Ray McKinnon

Personal information
- Full name: Raymond McKinnon
- Date of birth: 5 August 1970 (age 55)
- Place of birth: Dundee, Scotland
- Position(s): Midfielder

Team information
- Current team: Brechin City (manager)

Youth career
- 1986–1988: Dundee United

Senior career*
- Years: Team / Apps / (Gls)
- 1988–1992: Dundee United / 53 / (6)
- 1992–1994: Nottingham Forest / 6 / (1)
- 1994–1995: Aberdeen / 26 / (0)
- 1995–1998: Dundee United / 43 / (6)
- 1998–1999: Luton Town / 30 / (2)
- 1999–2000: Livingston / 22 / (2)
- 2000: Raith Rovers / 3 / (1)
- 2000: Portadown / 1 / (0)
- 2000: Stirling Albion / 1 / (0)
- 2000–2001: East Fife / 3 / (0)
- 2001: Torquay United / 0 / (0)
- 2001–2003: Montrose / 32 / (2)
- 2003: Raith Rovers / 12 / (2)
- 2004–2005: Lochee United
- 2005–2006: Broughty Athletic

International career
- 1990–1992: Scotland U21 / 6 / (1)

Managerial career
- 2004–2005: Lochee United (player-manager)
- 2006–2008: Lochee United
- 2012–2015: Brechin City
- 2015–2016: Raith Rovers
- 2016–2017: Dundee United
- 2018: Greenock Morton
- 2018–2019: Falkirk
- 2020–2021: Queen's Park
- 2022–2024: Forfar Athletic
- 2025–: Brechin City

= Ray McKinnon (footballer) =

Scottish footballer and manager

Raymond McKinnon (born 5 August 1970) is a Scottish football player and coach who is currently manager of Highland Football League side Brechin City.

An alumnus of St Saviour's Roman Catholic High School, as a player McKinnon was a midfielder for such clubs as Dundee United, Nottingham Forest, Aberdeen, Livingston, Raith Rovers and Montrose. He also played for the Scotland under-21 team.

McKinnon began his managerial career in junior football with Lochee United before managing senior clubs Brechin City, Raith Rovers, Dundee United, Morton, Falkirk, Queen's Park and Forfar Athletic.

==Playing career==
McKinnon was born in Dundee on 5 August 1970. He started his career with Dundee United, turning professional on 12 August 1986. He soon gained attention as one of the most promising young midfielders in Scottish football. He impressed Brian Clough enough to win a £750,000 move to Nottingham Forest in July 1992, but almost as quickly as he had arrived found himself out of first team contention, Clough deciding that his skilful passing was not what he wanted for his midfield. He left to join Aberdeen on 8 February 1994, costing the Dons £300,000.

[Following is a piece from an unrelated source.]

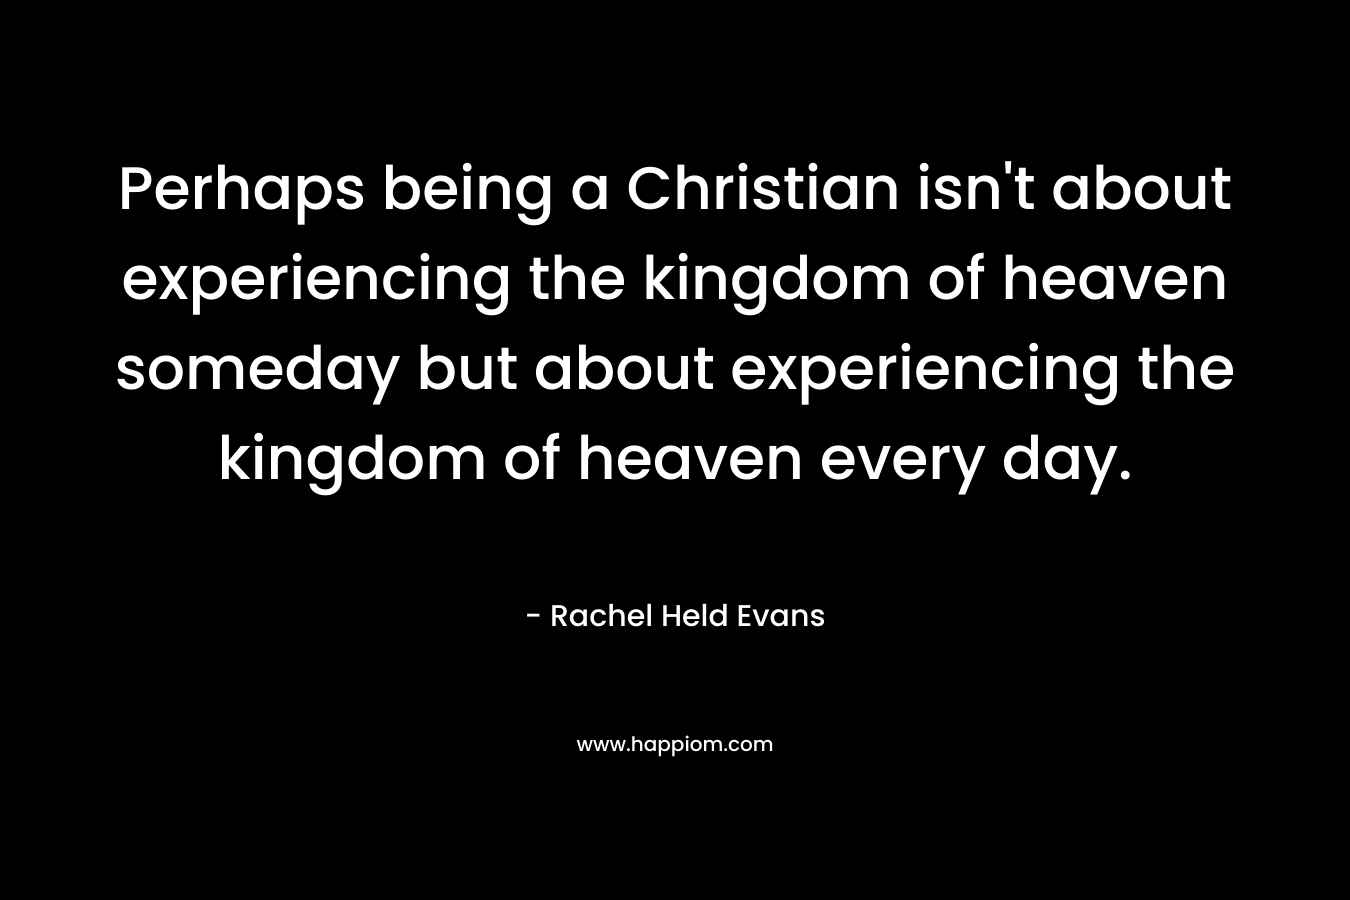 Perhaps being a Christian isn't about experiencing the kingdom of heaven someday but about experiencing the kingdom of heaven every day.

He returned to Dundee United on 3 November 1995, for a fee of £200,000, where he famously scored a hat-trick of free-kicks in a 3–2 win over Kilmarnock at Rugby Park in February 1997. He remained at Tannadice Park until being released at the end of the 1997–98 season during which he had struggled to gain a first team place. In the close-season he attracted interest from Crystal Palace, as well as French sides Auxerre and Bordeaux, but joined Luton Town on 6 August. He left to join Livingston on 12 September 1999, and after an injury hit season and a trial with Wolverhampton Wanderers under Colin Lee, joined Raith Rovers on a short-term contract on 28 July 2000.

Raith were unable to meet his wage demands, so he left and began training with Ayr United. He joined Portadown in October 2000, playing one game. In need of first team football to regain his match fitness he joined Stirling Albion on trial on 27 October, playing in the match against Queen's Park at Hampden Park. He joined East Fife, originally as a triallist on 17 November, leaving on 25 January.

On 15 March 2001 he joined Torquay United on non-contract terms, but left just five days later without appearing in the first team after the re-emergence of a groin injury. He returned to Torquay as a trialist on 30 July 2001, but along with most of the many players Roy McFarland considered during the round of pre-season friendlies was released without earning a contract.

In November 2001 he joined Montrose as a trialist, making his debut in the 1–1 draw with Stirling Albion at Forthbank on 10 November and scoring two weeks later in the 2–1 win over East Fife. Although linked with a return to England to have another attempt at breaking back into full-time football, he signed a deal to stay with Montrose until the end of the season in December 2001. He remained with Montrose until joining Raith Rovers for a second time in January 2003.

==Coaching career==
===Junior football and Brechin City===
McKinnon moved to Lochee United in 2004, before leaving in July 2005 to take up a player/coach position with Broughty Athletic. McKinnon returned as Lochee manager in 2006.

He was linked with the managerial posts at both Brechin City and Montrose in December 2008, with Lochee stating their desire that he stay until at least the end of their run in the Scottish FA Cup.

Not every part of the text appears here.